Security Council composition
- Permanent members: China; France; Russia; United Kingdom; United States;
- Non-permanent members: Angola; Bulgaria; Chile; Cameroon; Germany; Guinea; Mexico; Pakistan; Spain; Syria;

= United Nations Security Council Resolution 1460 =

United Nations Security Council resolution

United Nations Security Council resolution 1460, adopted unanimously on 30 January 2003, after recalling resolutions 1261 (1999), 1265 (1999), 1296 (2000), 1306 (2000), 1308 (2000), 1314 (2000), 1325 (2000) and 1379 (2001), the council called for the immediate end to the use of child soldiers and endorsed an "era of application" of international norms and standards for the protection of war-affected children.

==Resolution==
===Observations===
The Security Council reiterated its commitment to address the impact of armed conflict upon children and emphasised the responsibility of all parties to comply with the United Nations Charter and international law, and end impunity for those responsible for genocide, crimes against humanity, war crimes and crimes against children. It was important that humanitarian personnel had safe and unimpeded access and the coming into force of the Optional Protocol on the Involvement of Children in Armed Conflict was welcomed. The Council further noted that enlisting children under the age of 15 into the national armed forces was classified as a war crime under the Rome Statute of the International Criminal Court.

===Acts===
The resolution supported the call of the Secretary-General Kofi Annan for an "era of application" international standards concerning the protection of children in armed conflict. Parties to conflict that were using child soldiers were called upon to end such practices while a dialogue would be established with the parties to develop plans to end their recruitment and use. There was concern at the list of parties violating their international obligations attached in the annex of the Secretary-General's report and further steps would be taken.

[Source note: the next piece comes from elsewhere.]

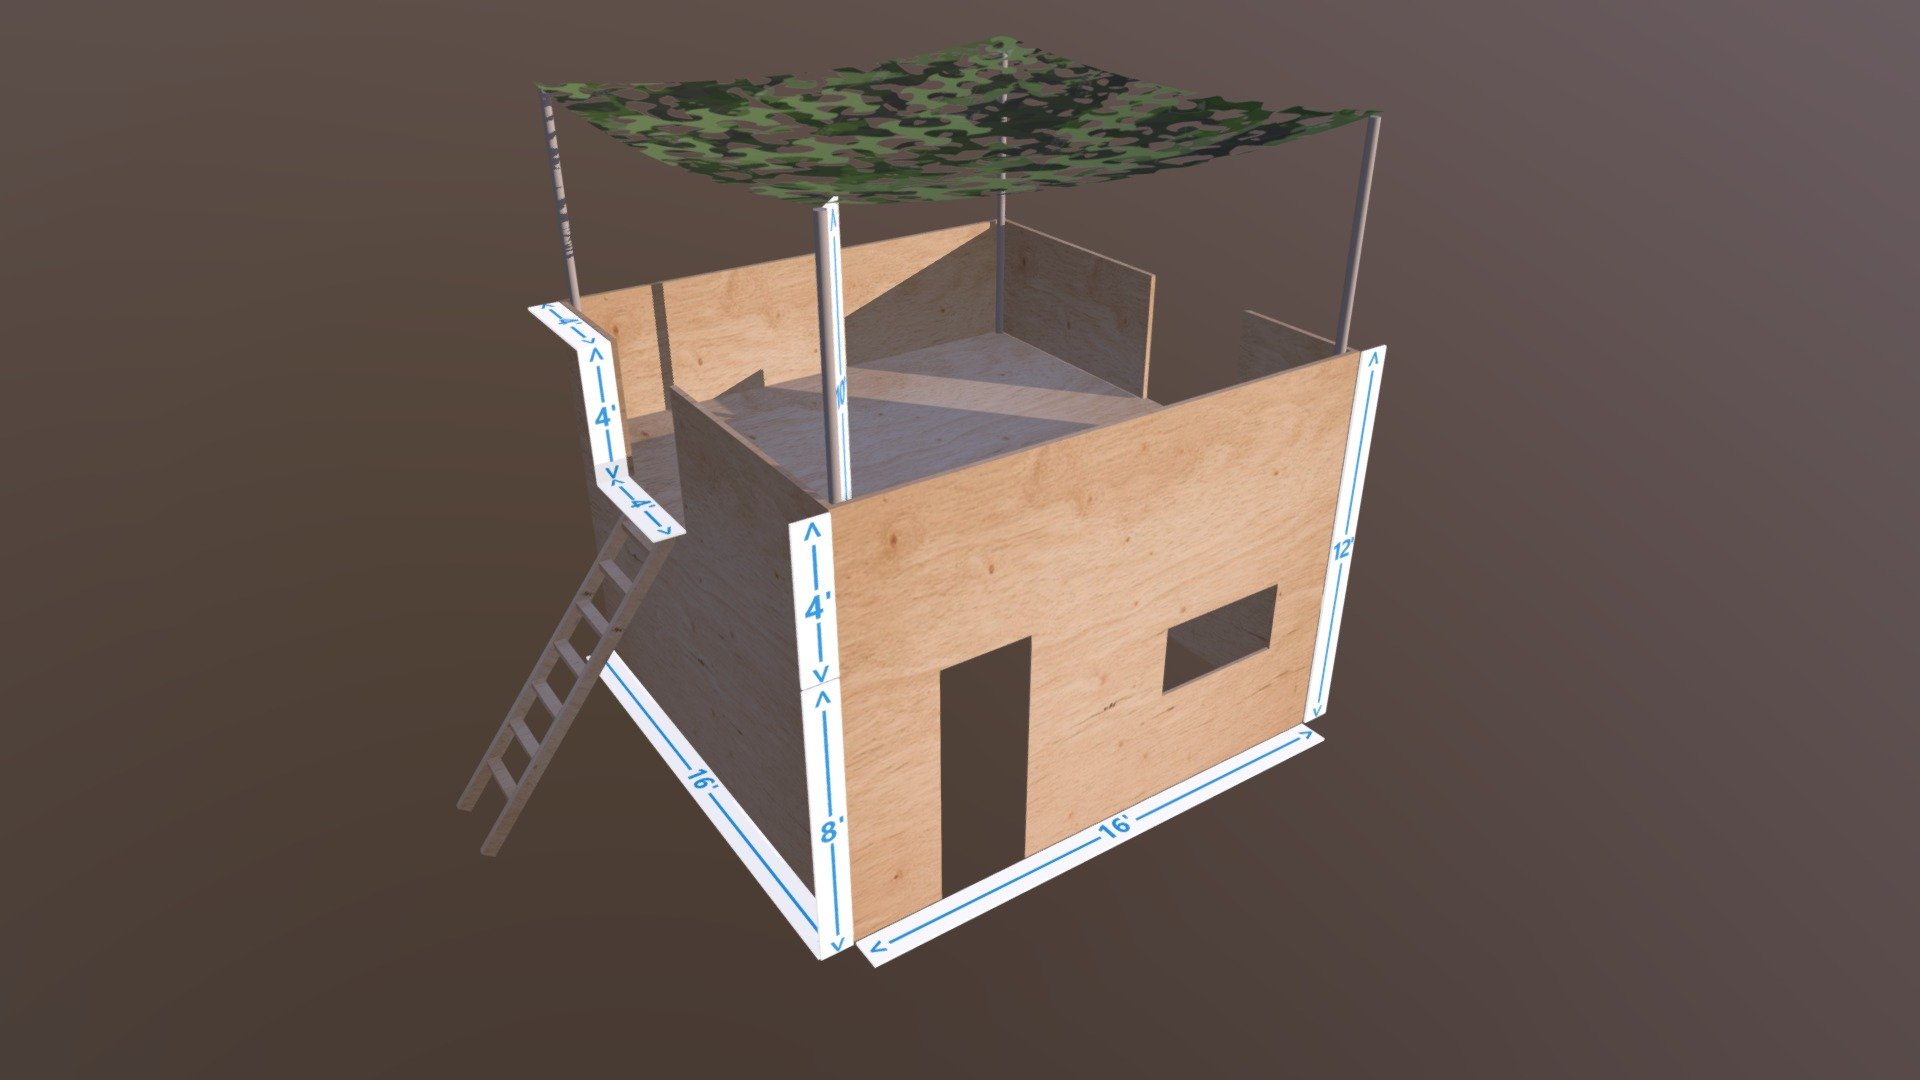 Another first pass at an airsoft structure I plan to build 3d model

Member States were called upon to adopt measures through national legislation to control arms trafficking in states that did not respect international law (the Fourth Geneva Convention) relating to the military use of children and protection of civilians during war. The council was determined to include provisions for the protection of children in the mandates of peacekeeping operations. There was concern at reports of sexual exploitation of women and children, particularly cases involving humanitarian workers and United Nations peacekeepers.

The Security Council requested the implementation of counselling and HIV/AIDS testing services for United Nations peacekeepers, police and humanitarian personnel. All concerned parties and other states were called upon to ensure that the rights of children were incorporated into peace and disarmament, demobilisation and reintegration processes, and to abide by commitments made to the Special Representative of the Secretary-General for Children and Armed Conflict, Olara Otunnu.

Finally, the Secretary-General was instructed to submit a report by 31 October 2003 on the implementation of the current resolution, including a specific section on the protection of children in all of his future country-specific reports.

==See also==
- Convention on the Rights of the Child
- List of international instruments relevant to the worst forms of child labour
- List of United Nations Security Council Resolutions 1401 to 1500 (2002–2003)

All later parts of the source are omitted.